__RECORDS FOR THIS TASK__.
§ §
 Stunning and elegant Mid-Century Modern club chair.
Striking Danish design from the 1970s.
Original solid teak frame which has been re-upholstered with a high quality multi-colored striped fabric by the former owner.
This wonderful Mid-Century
§ §
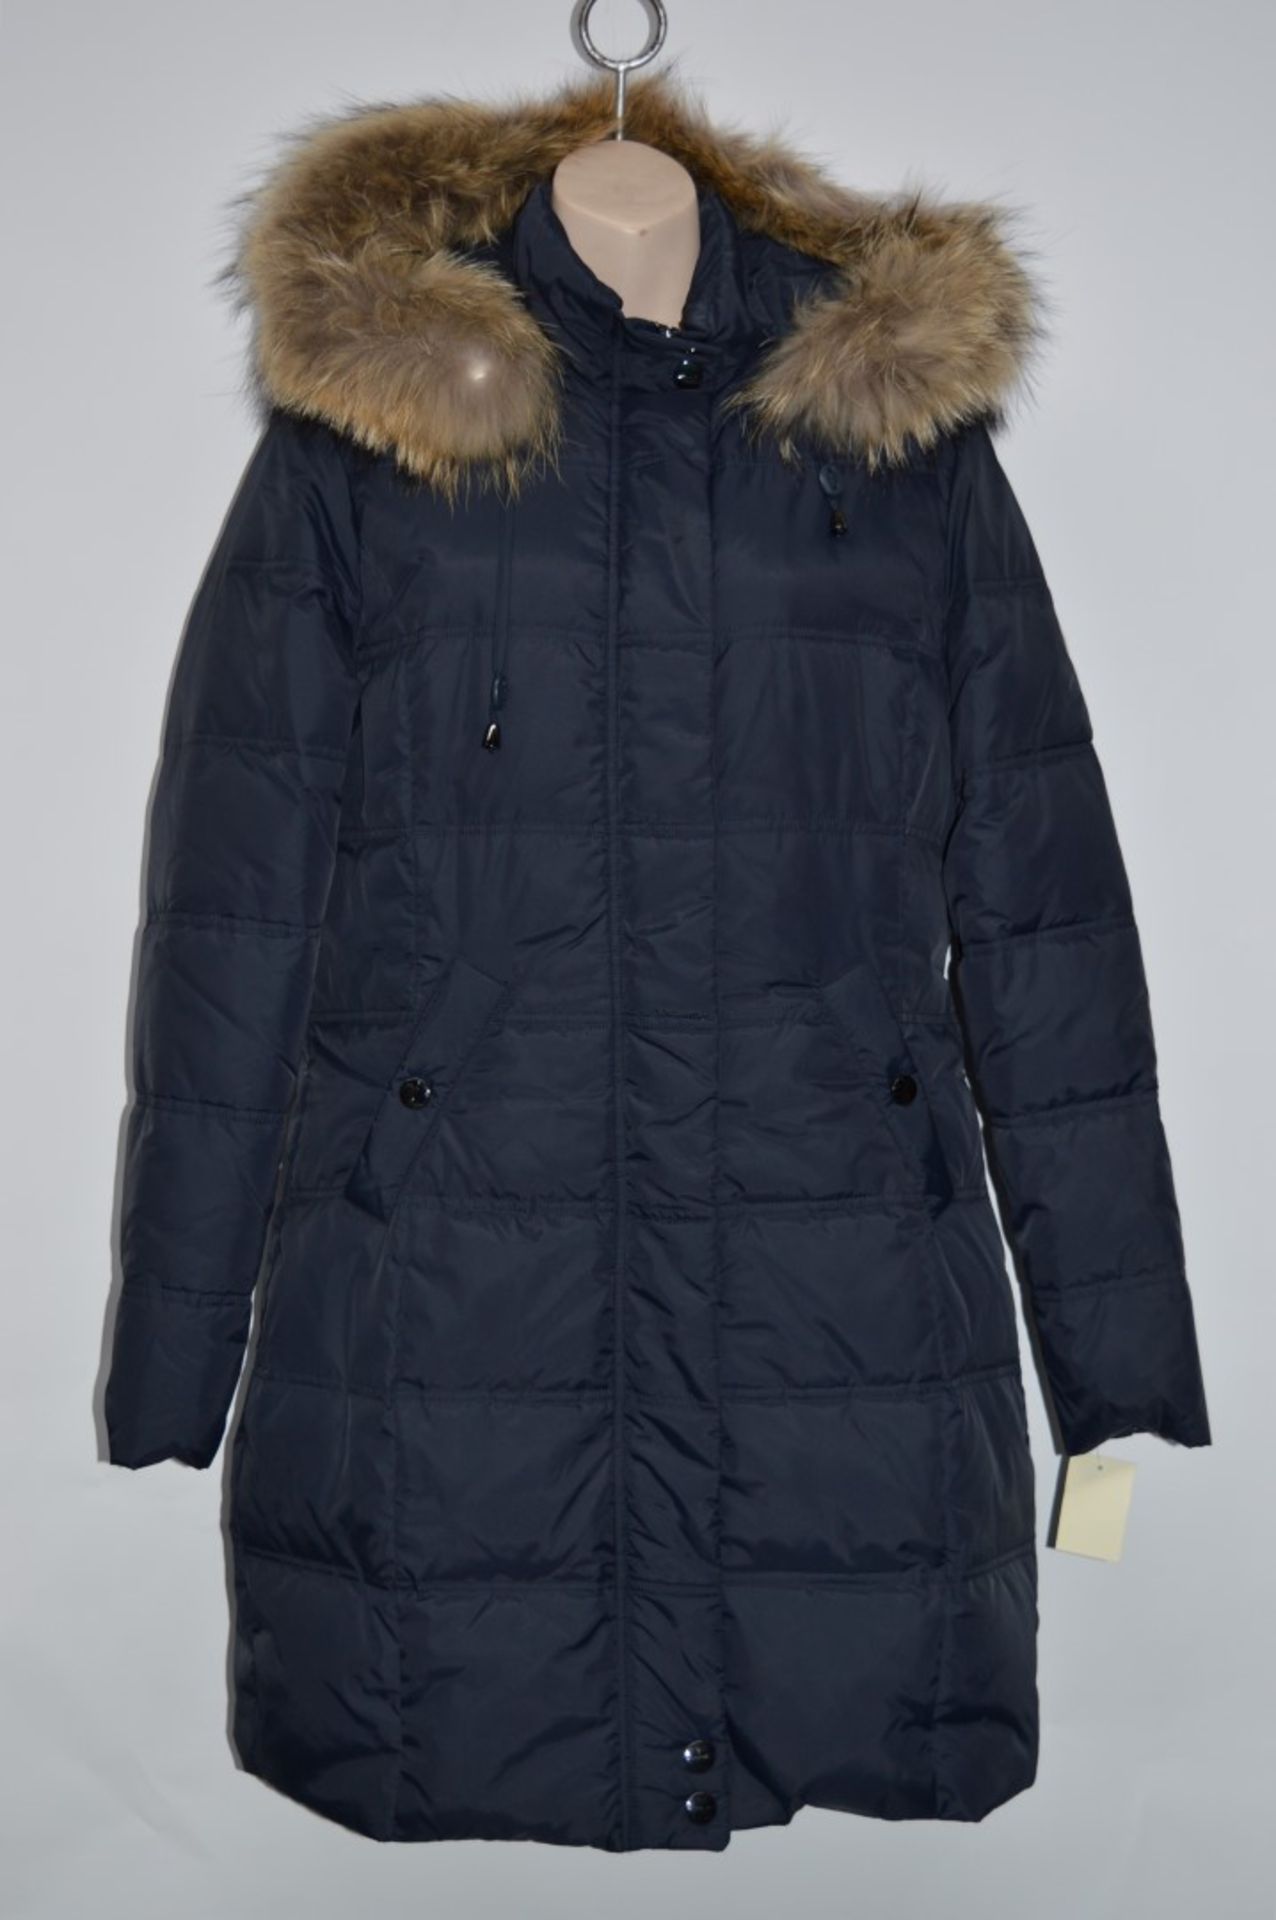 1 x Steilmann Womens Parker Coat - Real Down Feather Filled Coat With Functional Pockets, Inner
§ §
__WHAT YOU HAVE TO DO__. Would you quote everything above from the line containing "Original solid teak" down to the line containing "This wonderful Mid-Century"? Include both of those lines and nothing else.

__COMPLETED EXERCISE__.
Original solid teak frame which has been re-upholstered with a high quality multi-colored striped fabric by the former owner.
This wonderful Mid-Century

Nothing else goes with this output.